In Discipline and Punish (1979), Foucault suggested a concept of Architecture as one of the distinct features of a disciplinary society. The Foucauldian concept of Architecture of a society is 'the organization of individuals and space according to function and rank, including such features as enclosures and partitioning (Foucault 146; Lilja and Vinthagen 109).'

Architecture becomes especially important in the disciplinary society since discipline is an art of rank, where the one with a higher rank has a saying over the lower rankers' behaviors and existence. Therefore, in order to look into the power dynamics happening within the society, it becomes crucial to have a roadmap of the architecture of the society.

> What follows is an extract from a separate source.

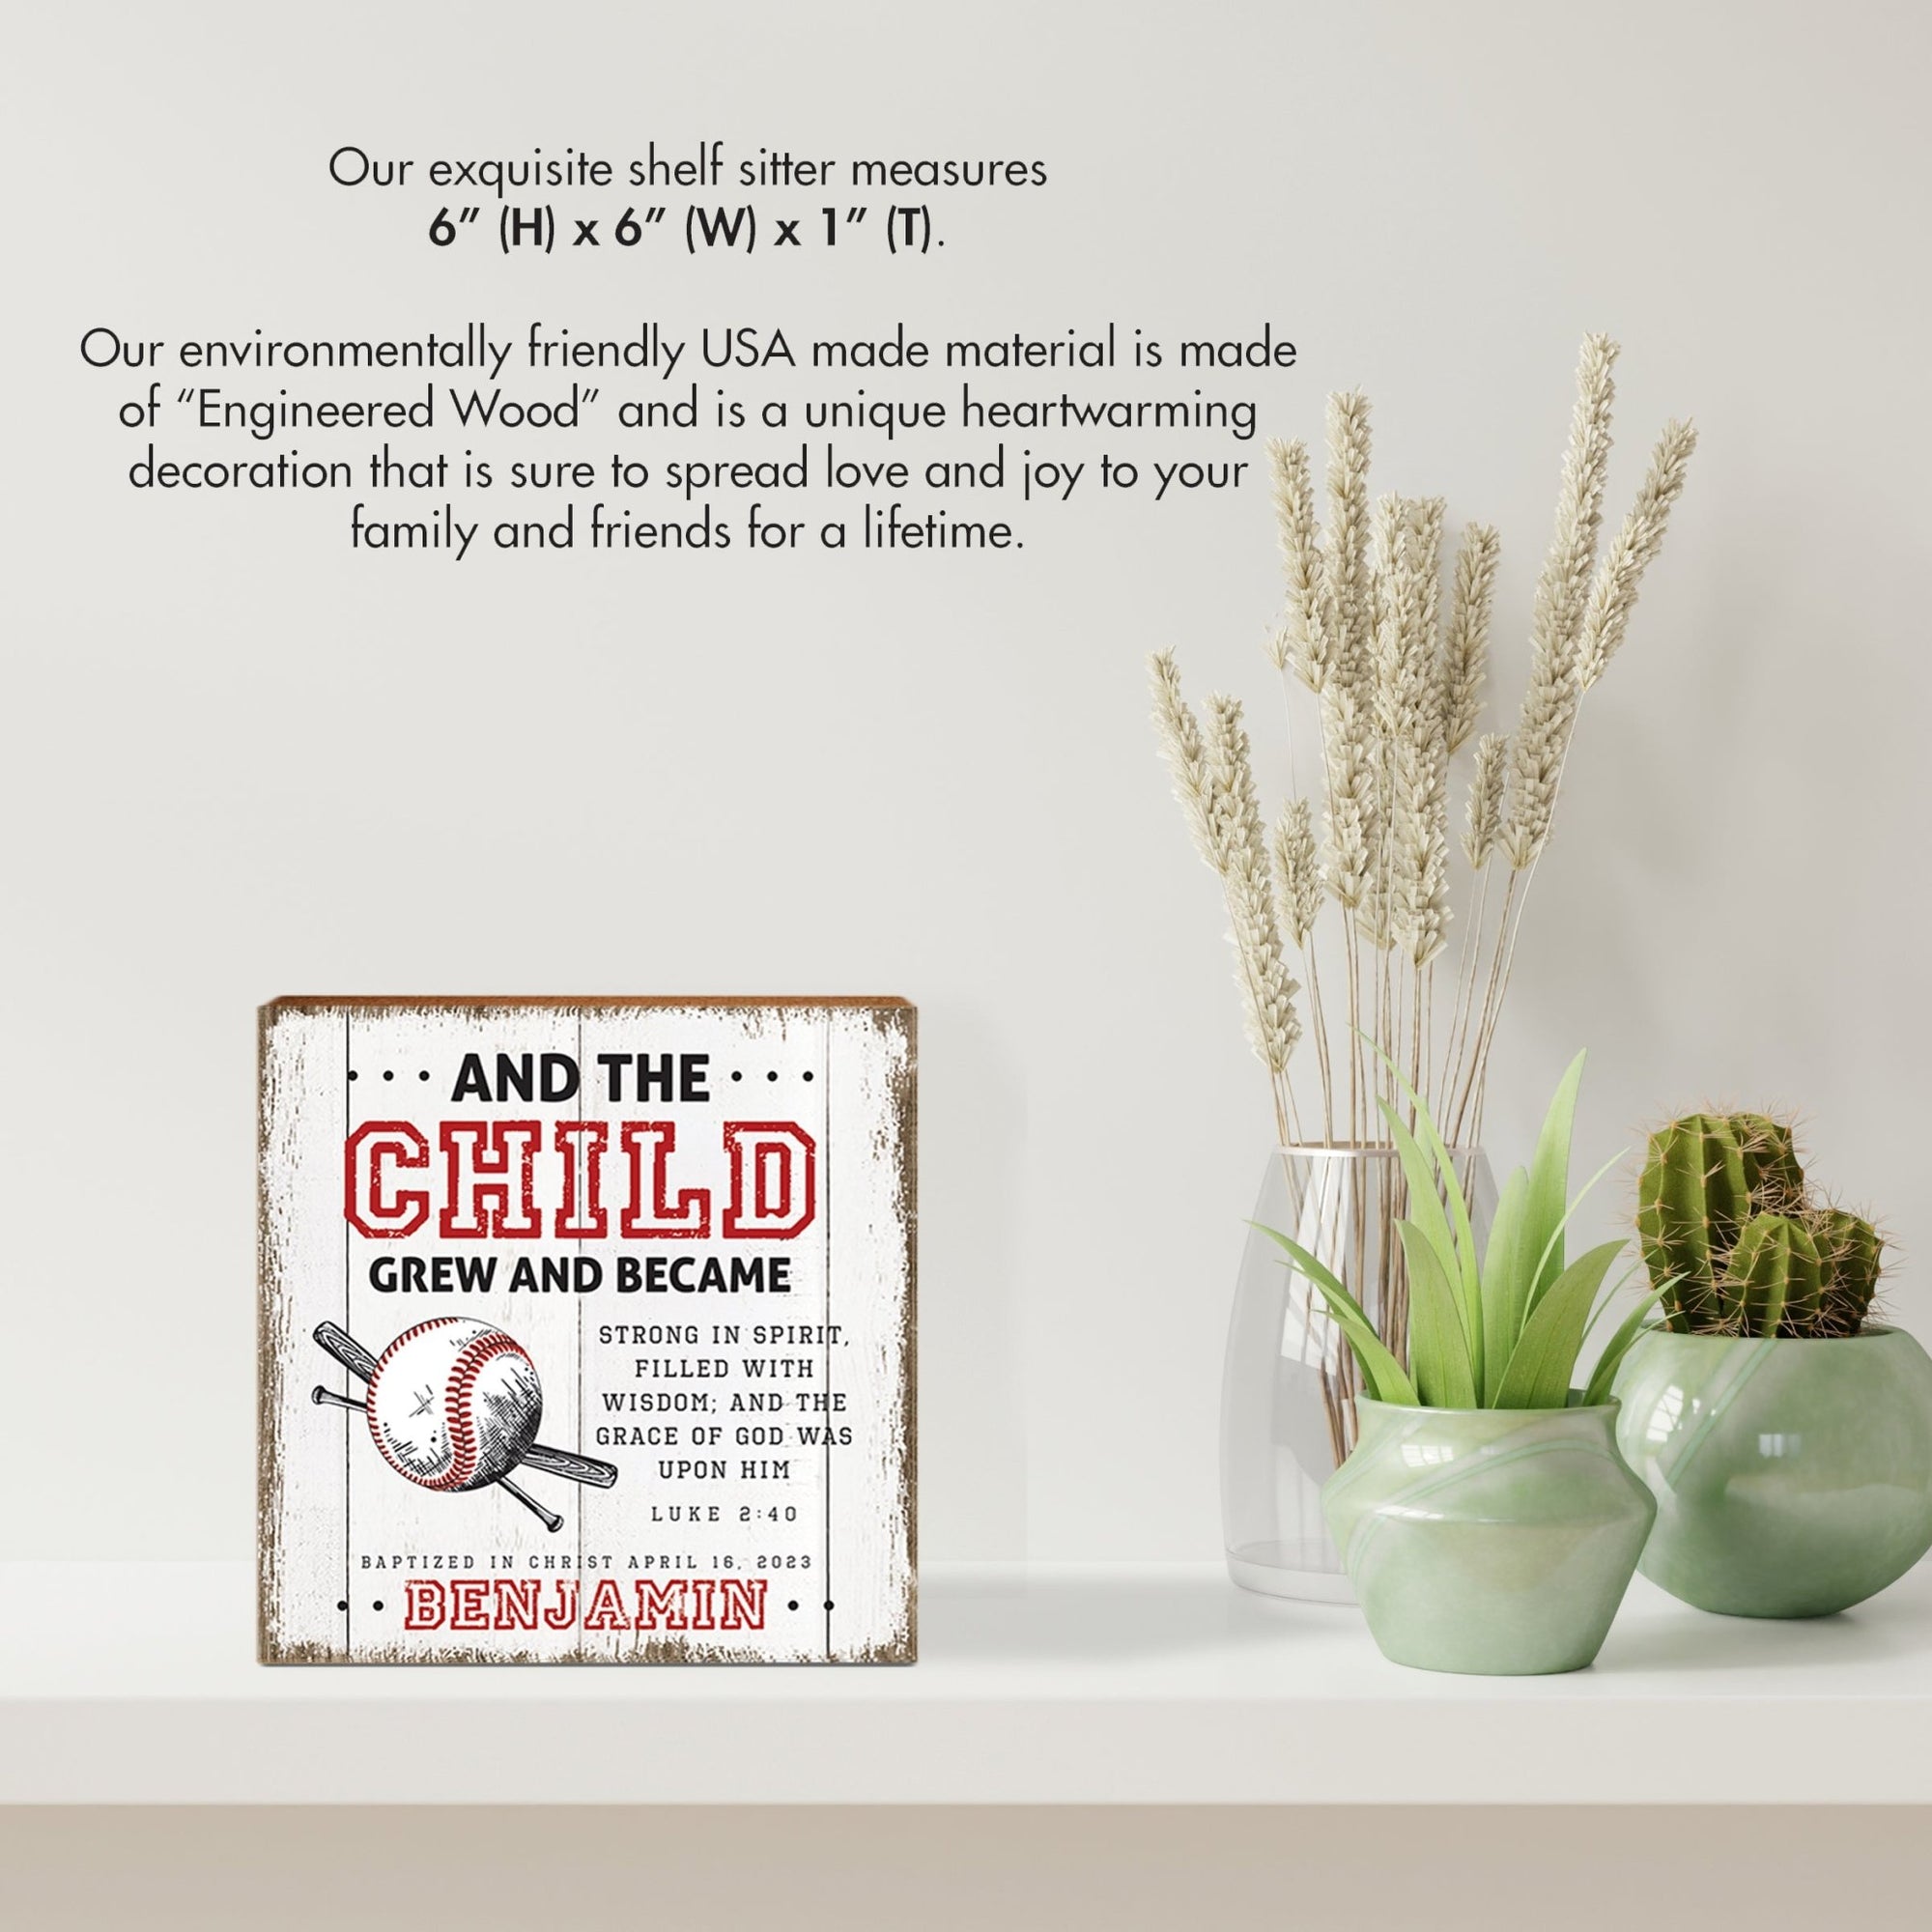 Personalized Rustic Wooden Baseball Shadow Box Shelf Décor With Inspiring Bible Verses - And The Child - LifeSong Milestones

The concept of architecture aligns well with the academic ideology of ANT and the practical implication of social cartography. What Foucault emphasizes by the concept of architecture is that the organization (horizontal or hierarchical) of the actors within the

society and their value assigned by their influence on other actors is crucial for understanding how the society of discipline operates. Likewise, ANT and social cartography seek to offer a depictive analysis of social phenomena and discourse by identifying the actors, their labor within the issue and their correlation. Consequently, a road-mapping the various elements of the society is a prerequisite to the discussion of dynamics and narrative of power.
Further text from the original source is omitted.